The report by former World Bank chief economist Nicholas Stern said immediate international action to stabilize the greenhouse gas emissions that spur global warming would have economic benefits that would far outweigh the costs.

In an e-mailed statement, the White House Council on Environmental Quality said, "The US government has produced an abundance of economic analysis on the issue of climate change. The Stern Report is another contribution to that effort."

The statement from spokeswoman Kristen Hellmer said the United States is "well on track to meet the president's goal to reduce greenhouse gas intensity of our economy 18 percent by 2012."

The problem, said Annie Petsonk of Environmental Defense, is that this goal essentially requires only the status quo.

"This is just business as usual for this economy," Petsonk said by telephone. "The result is no reduction in America's total greenhouse gas emissions."

The United States is the biggest single source of greenhouse gas emissions in the world, producing 25 percent of greenhouse gases from 5 percent of the global population.

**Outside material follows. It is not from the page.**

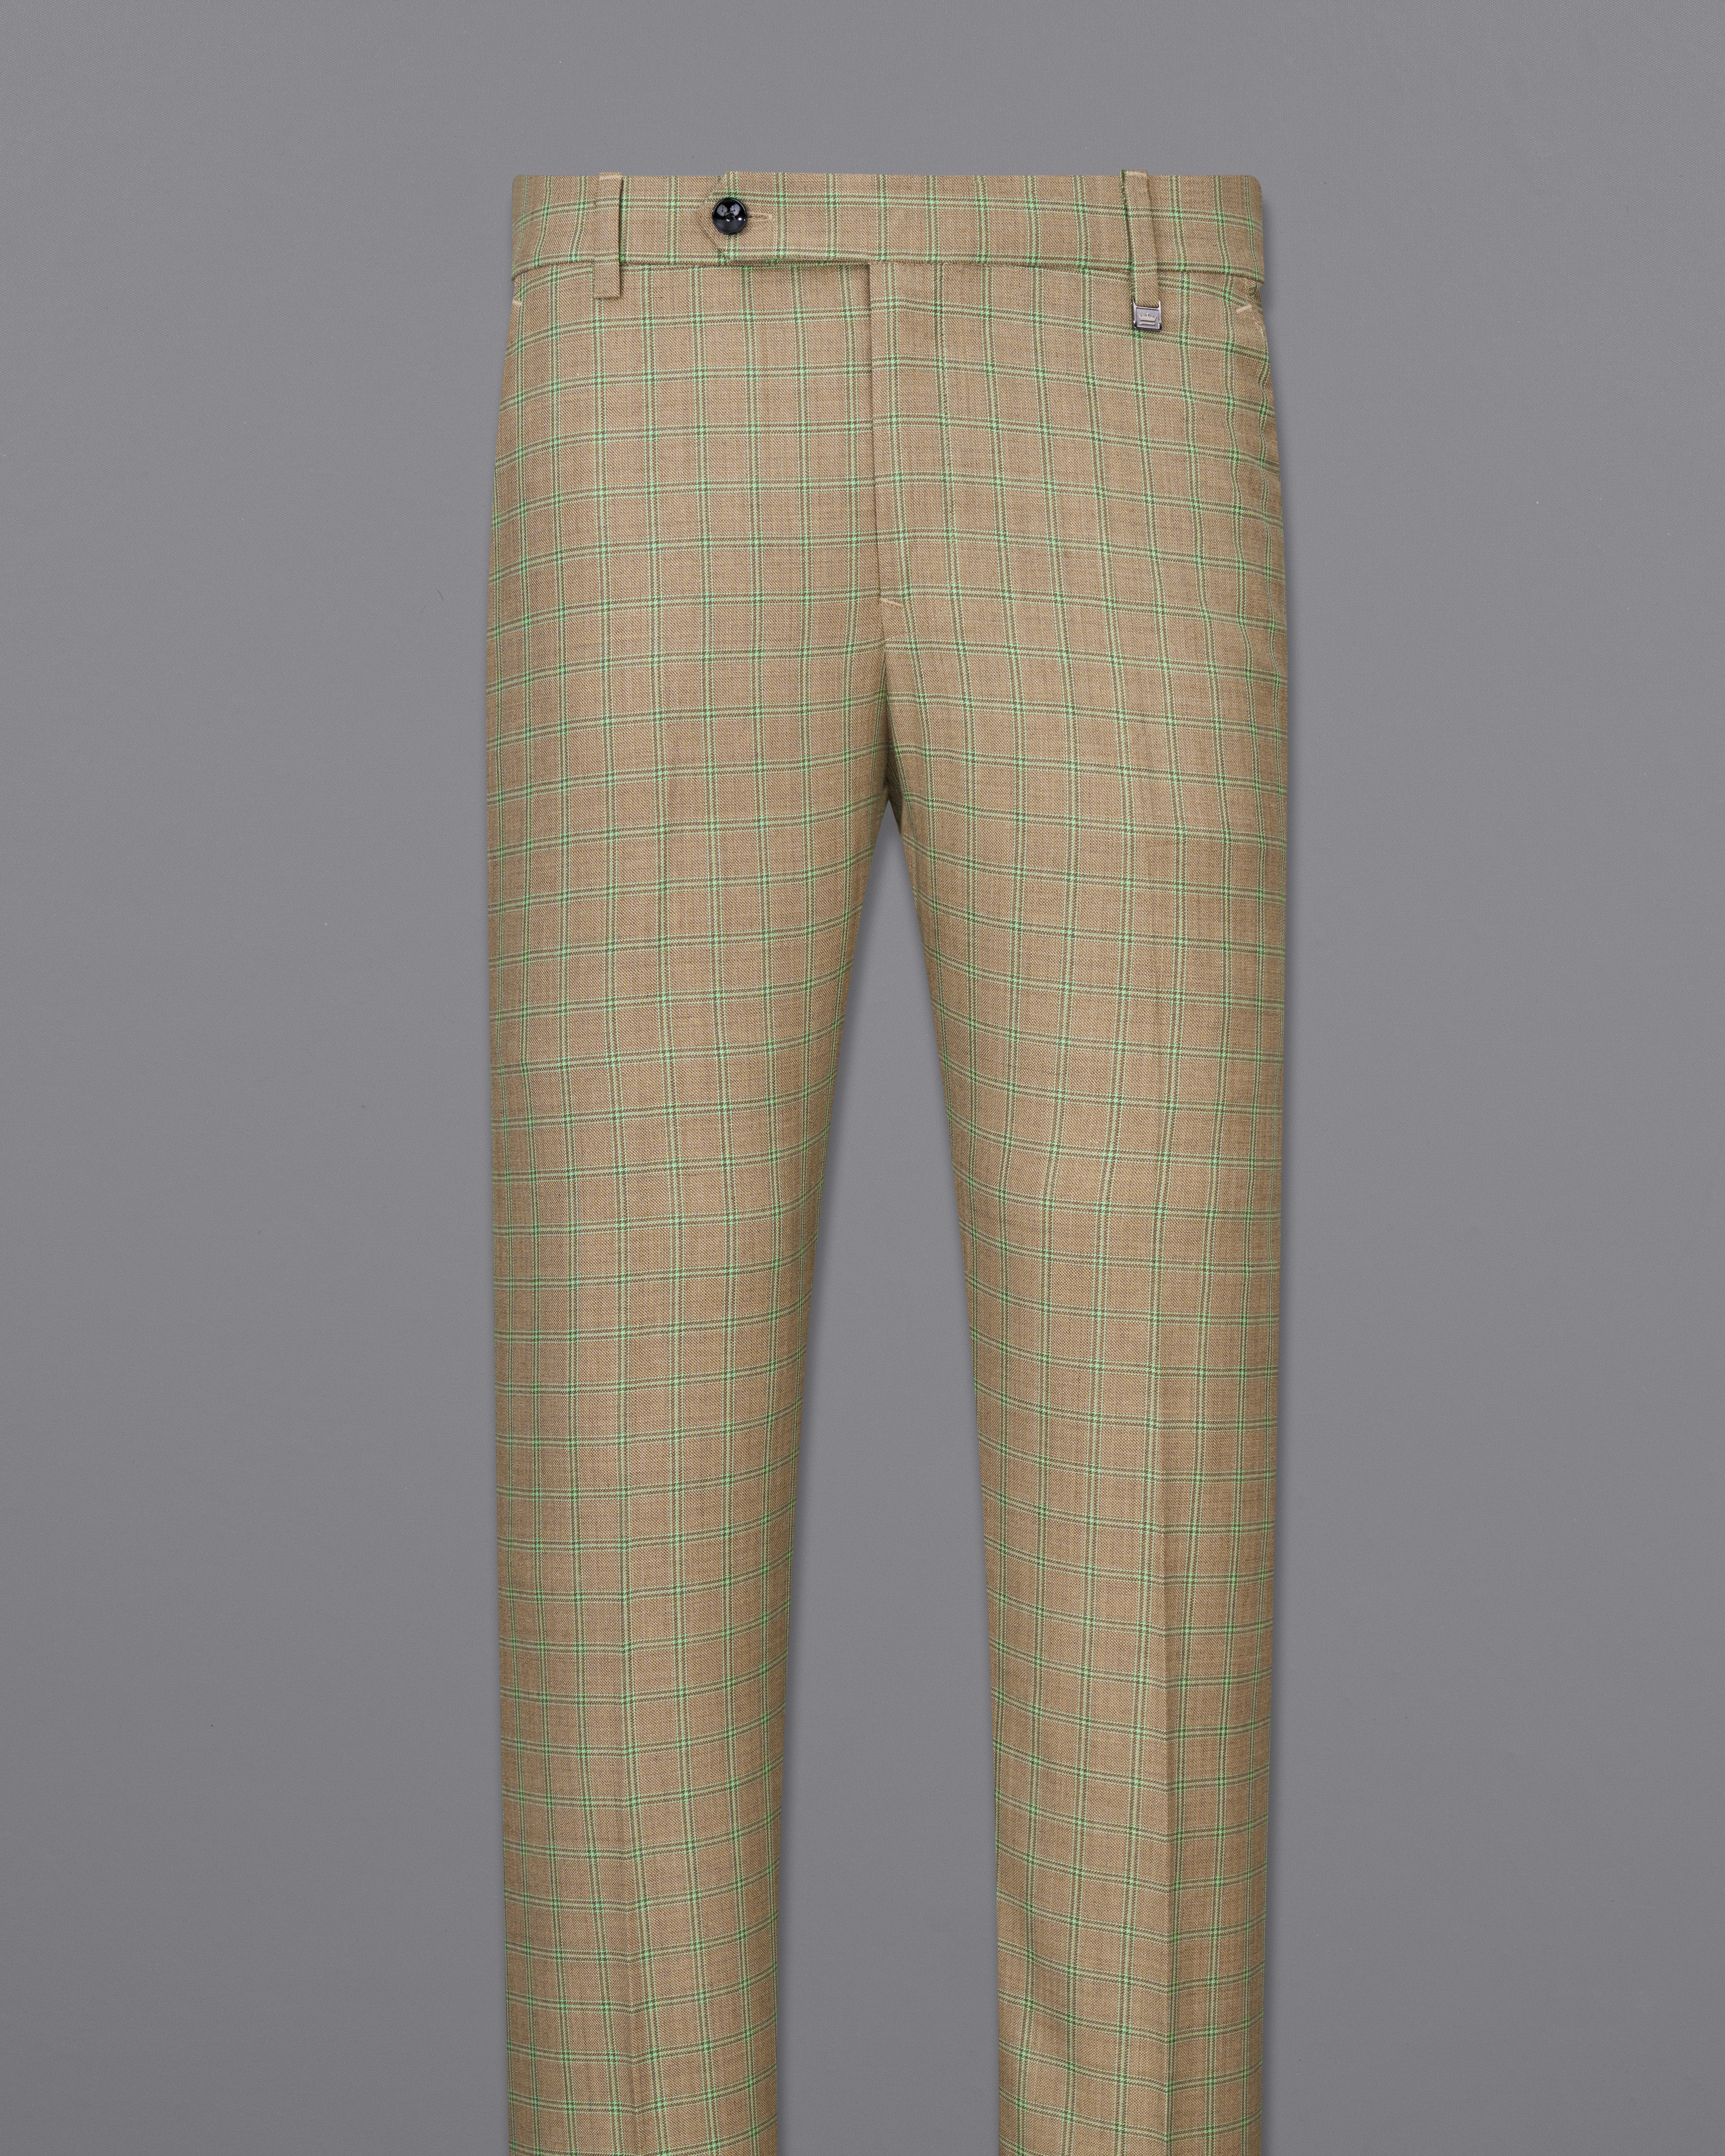 Sandrift Brown with Sprout Green Plaid Pants T2483-28, T2483-30, T2483-32, T2483-34, T2483-36, T2483-38, T2483-40, T2483-42, T2483-44

"The United Kingdom is moving forward, the EU is moving forward, the developing countries are moving forward, where is the United States?" Petsonk said.

CAN-DO VS CAN'T DO

Britain is pushing for a framework outside the Kyoto Protocol, an agreement that sought to limit greenhouse gas emissions, that would include the United States and such major developing countries as China and India.

President George W. Bush pulled the United States out of the Kyoto agreement in part because he said it hit jobs.

Stern's report estimates that stabilizing greenhouse gases in the atmosphere will cost about 1 percent of annual global output by 2050. Inaction could cut global consumption per person by between 5 and 20 percent, the report said.

"If the Bush administration is truly on board with this then I think they need to put their money where their mouth is," said Brian Castelli, executive vice president of the Alliance to Save Energy, whose members include US power companies.

Castelli said there must be more investment in energy-efficient technologies, but added that US government budgets for this have dropped by 34 percent since 2002, from US$694 million to US$517 million budgeted for fiscal 2007, which amounts to about US$460 million in 2002 dollars, factoring in inflation.

"How are we going to square up the fact that we need more research, development and deployment dollars through the administration and the fact that they're on board with what the Stern report says (about) deploying those technologies?" Castelli said by telephone.

Dave Hamilton of the environmental group Sierra Club contrasted the Stern review with the White House message.

"We can actually make money by changing our tune here" to limit greenhouse gas emissions, Hamilton said in a telephone interview. "We can do it in a cost-effective way, we can do it in a way that improves our technology ... This is a very can-do report, when what we've heard from the White House is what we can't do."